- **Activity**
Recreate the listing that follows line for line, without pictures.

- **Data**

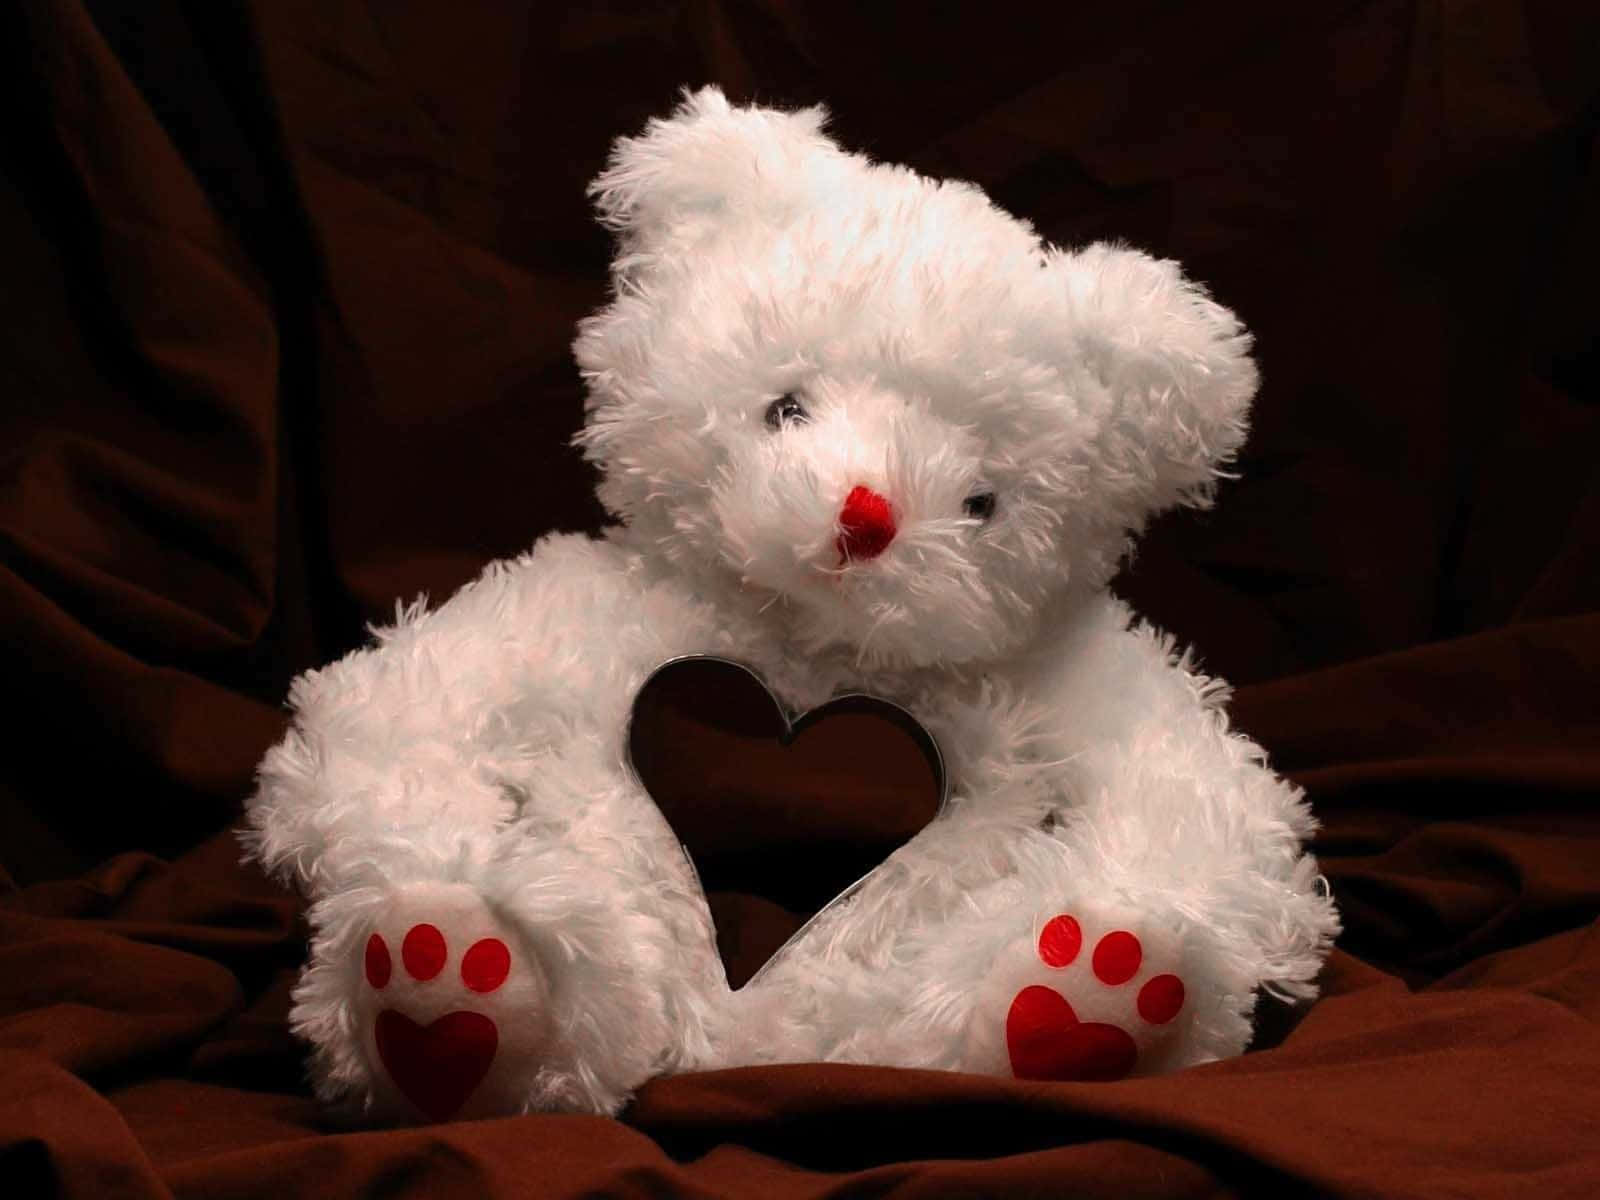 A cutesy teddy bear is snuggled up and waiting for a hug.
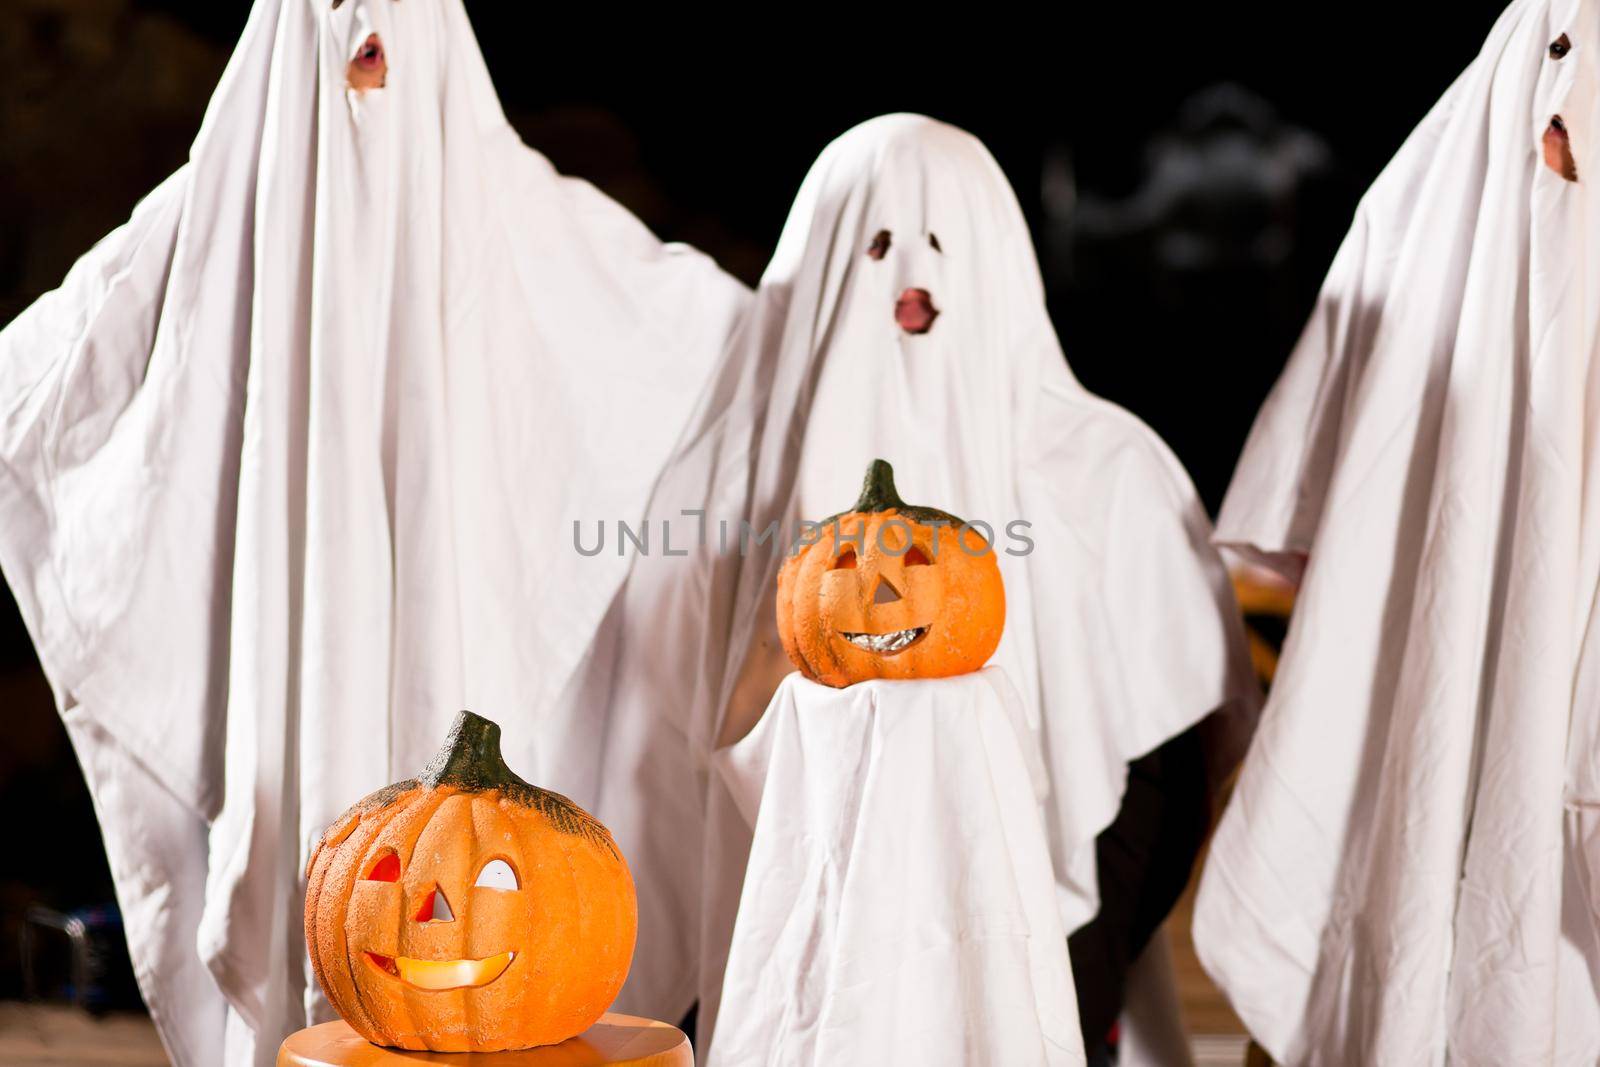 spooks at Halloween - focus on pumpkin by Kzenon
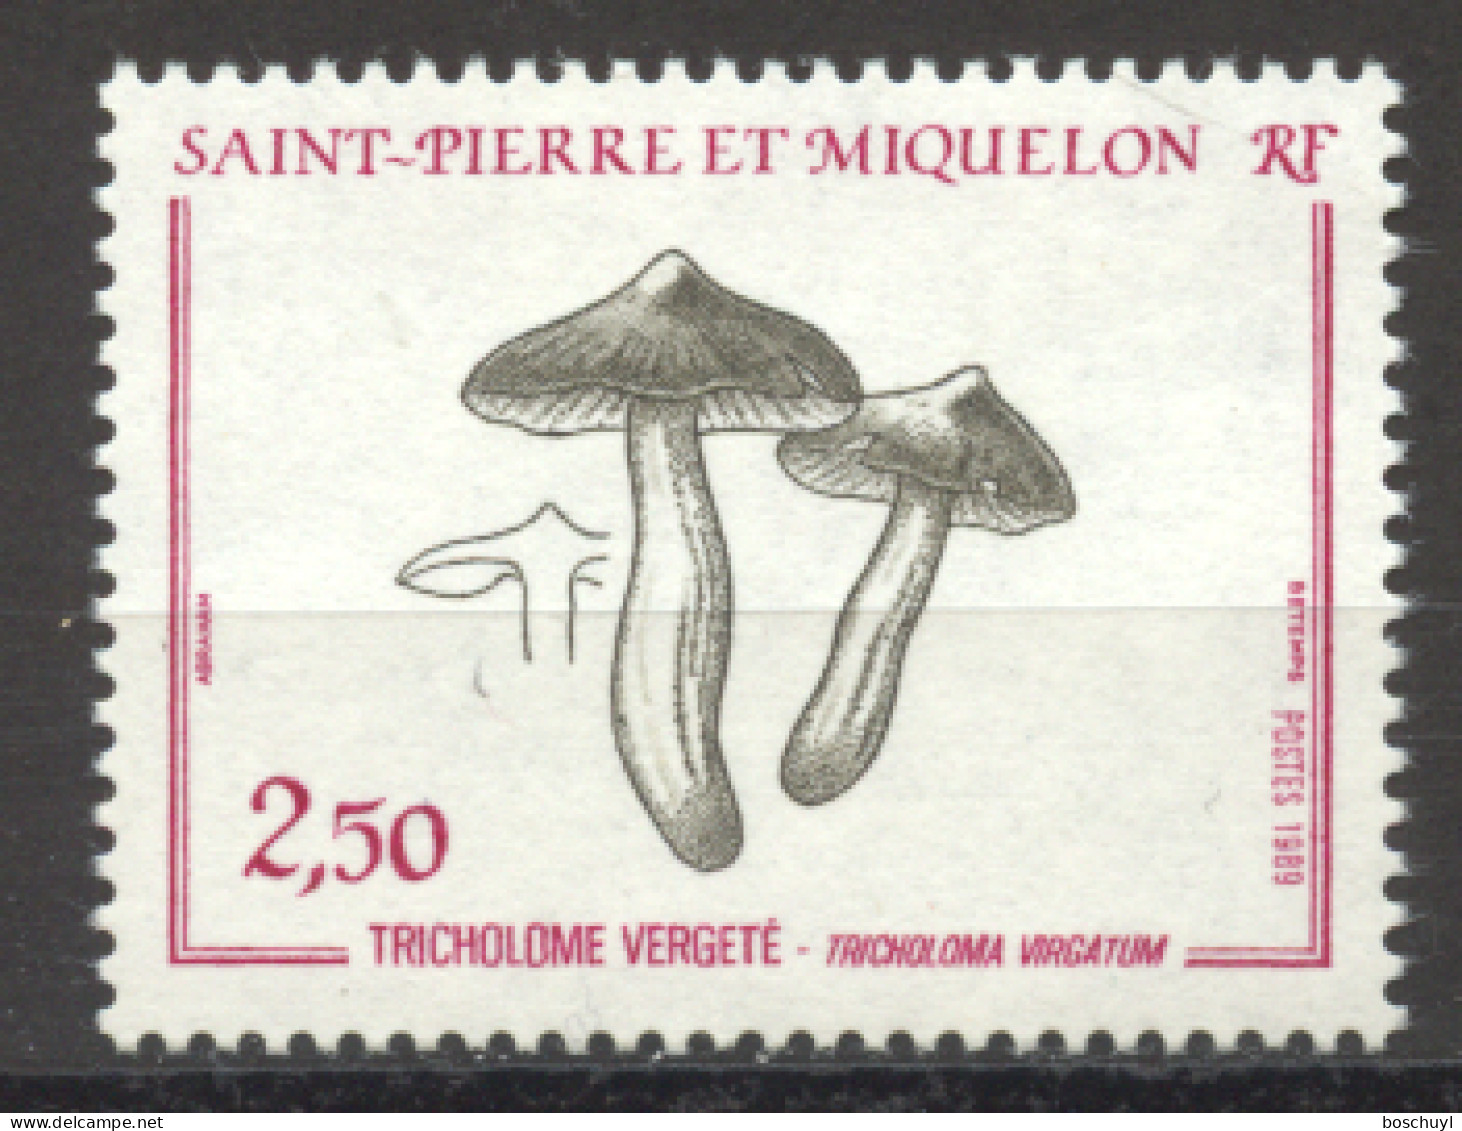 St Pierre And Miquelon, 1989, Mushroom, MNH, Michel 569 - Unused Stamps
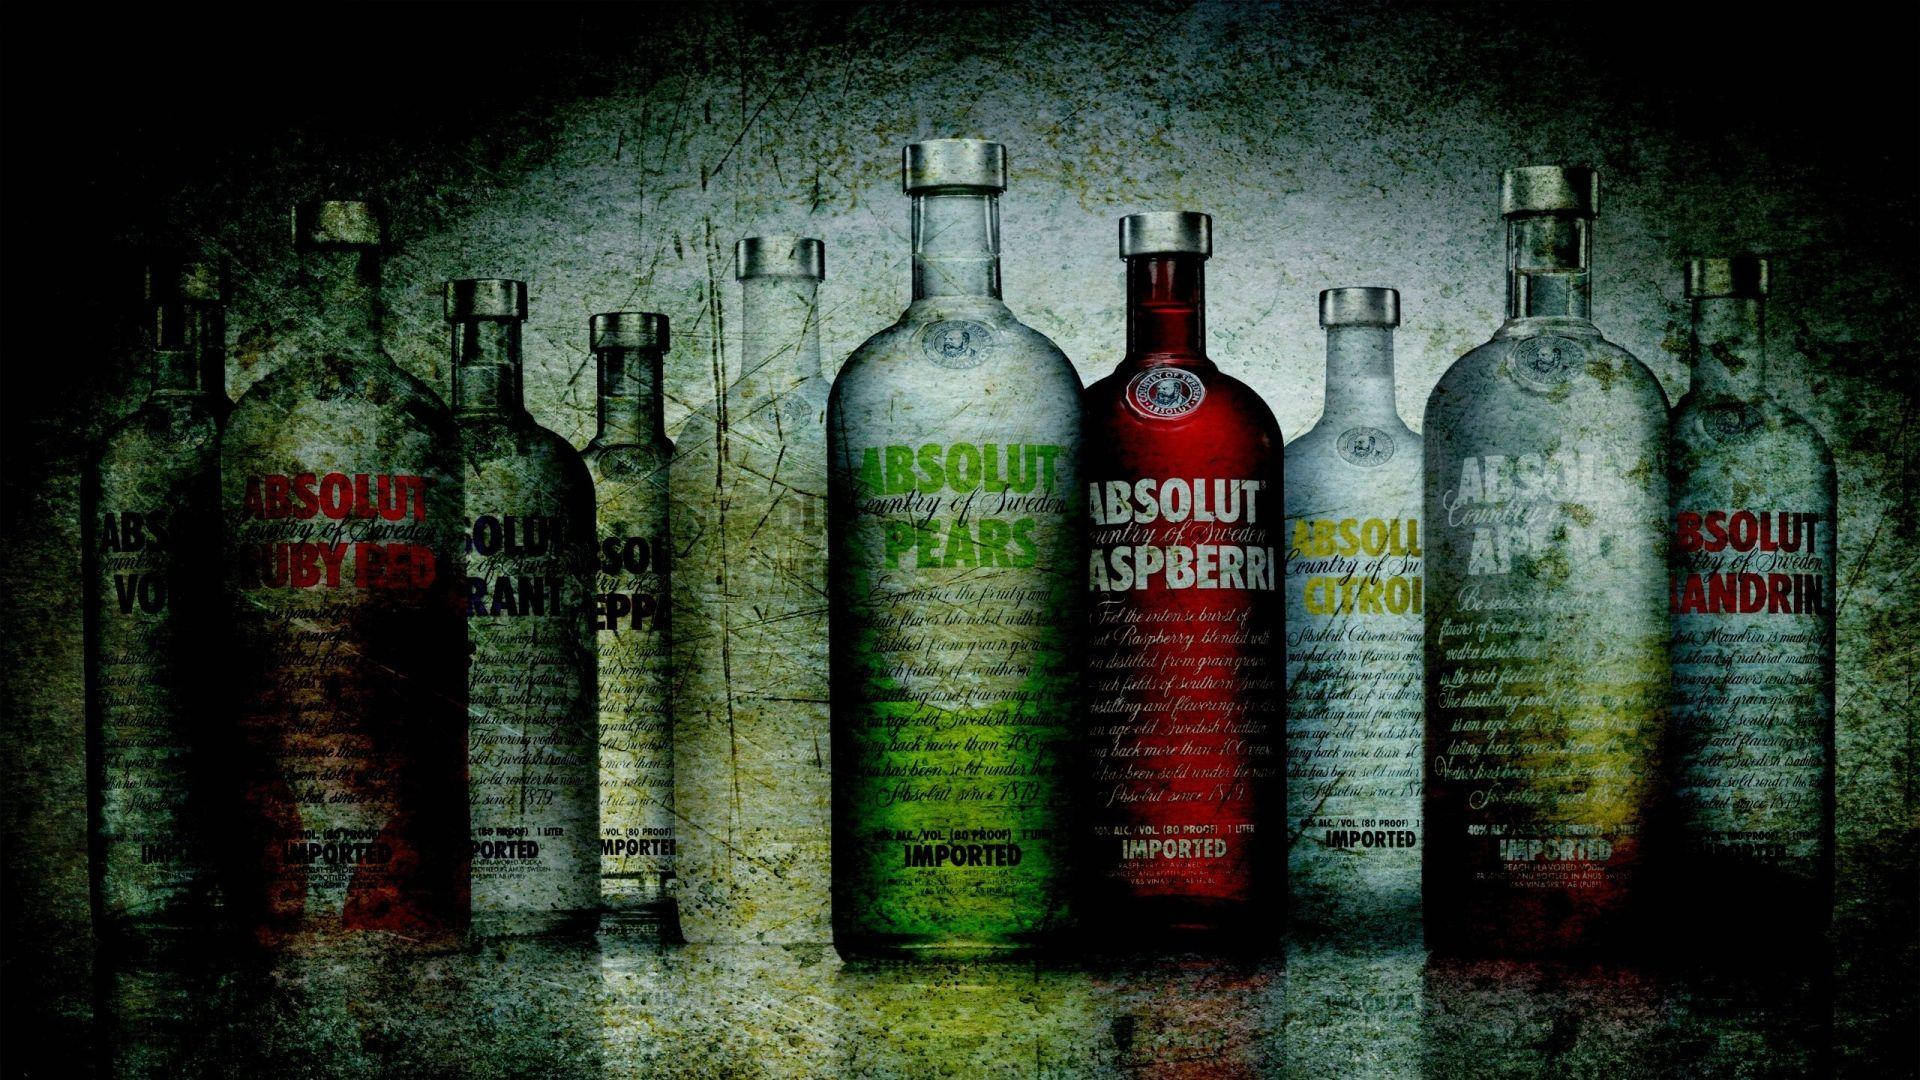 1920x1080 Full Hd Absolut Bottles
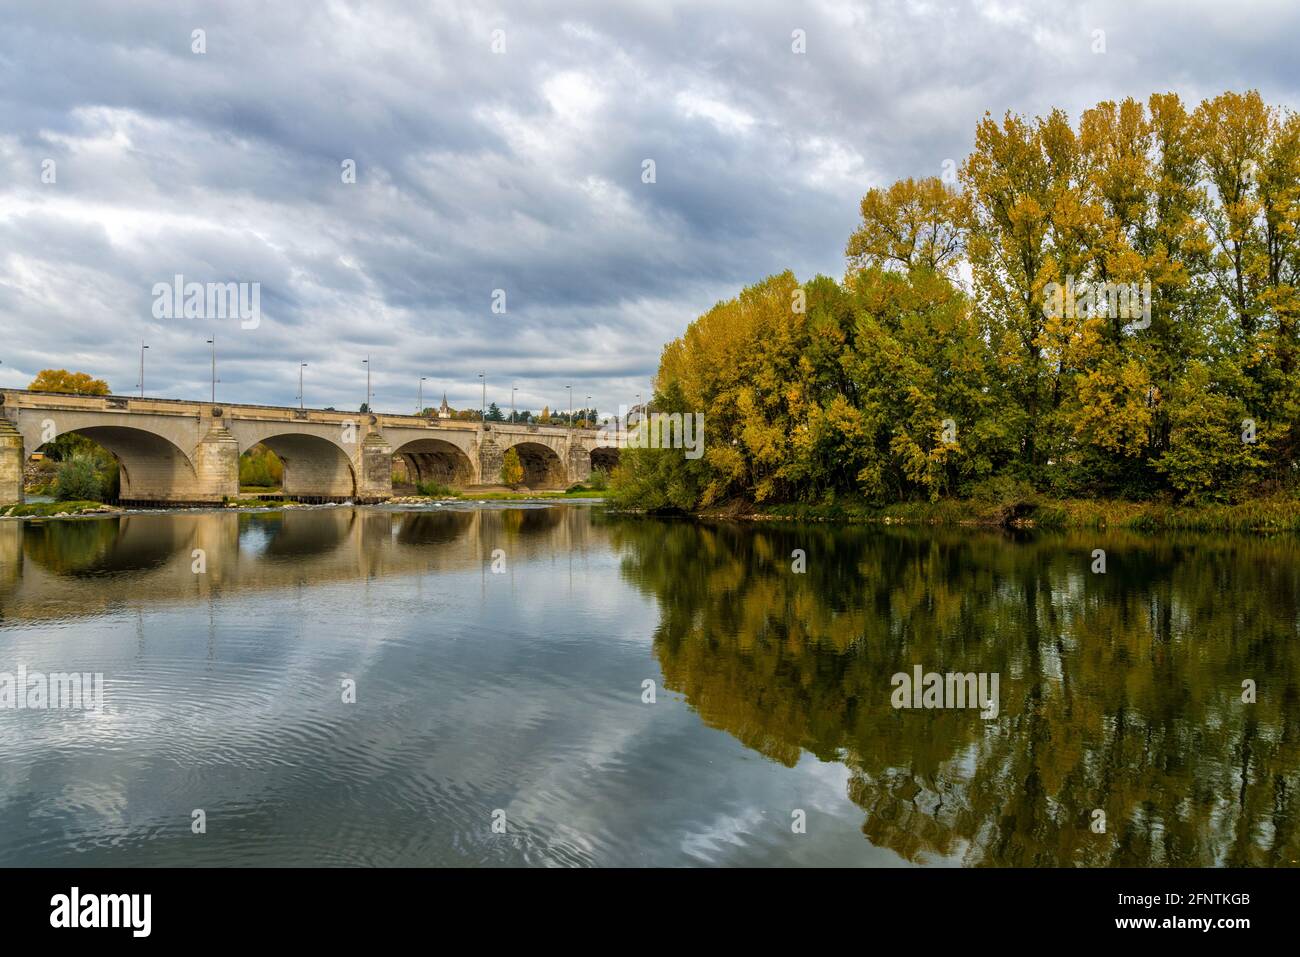 Old beautiful stone bridge Pont Wilson in Tours, France Stock Photo

- **Answer to the problem**
 A cutesy teddy bear is snuggled up and waiting for a hug.
 spooks at Halloween - focus on pumpkin by Kzenon
 St Pierre And Miquelon, 1989, Mushroom, MNH, Michel 569 - Unused Stamps
 1920x1080 Full Hd Absolut Bottles
 Old beautiful stone bridge Pont Wilson in Tours, France Stock Photo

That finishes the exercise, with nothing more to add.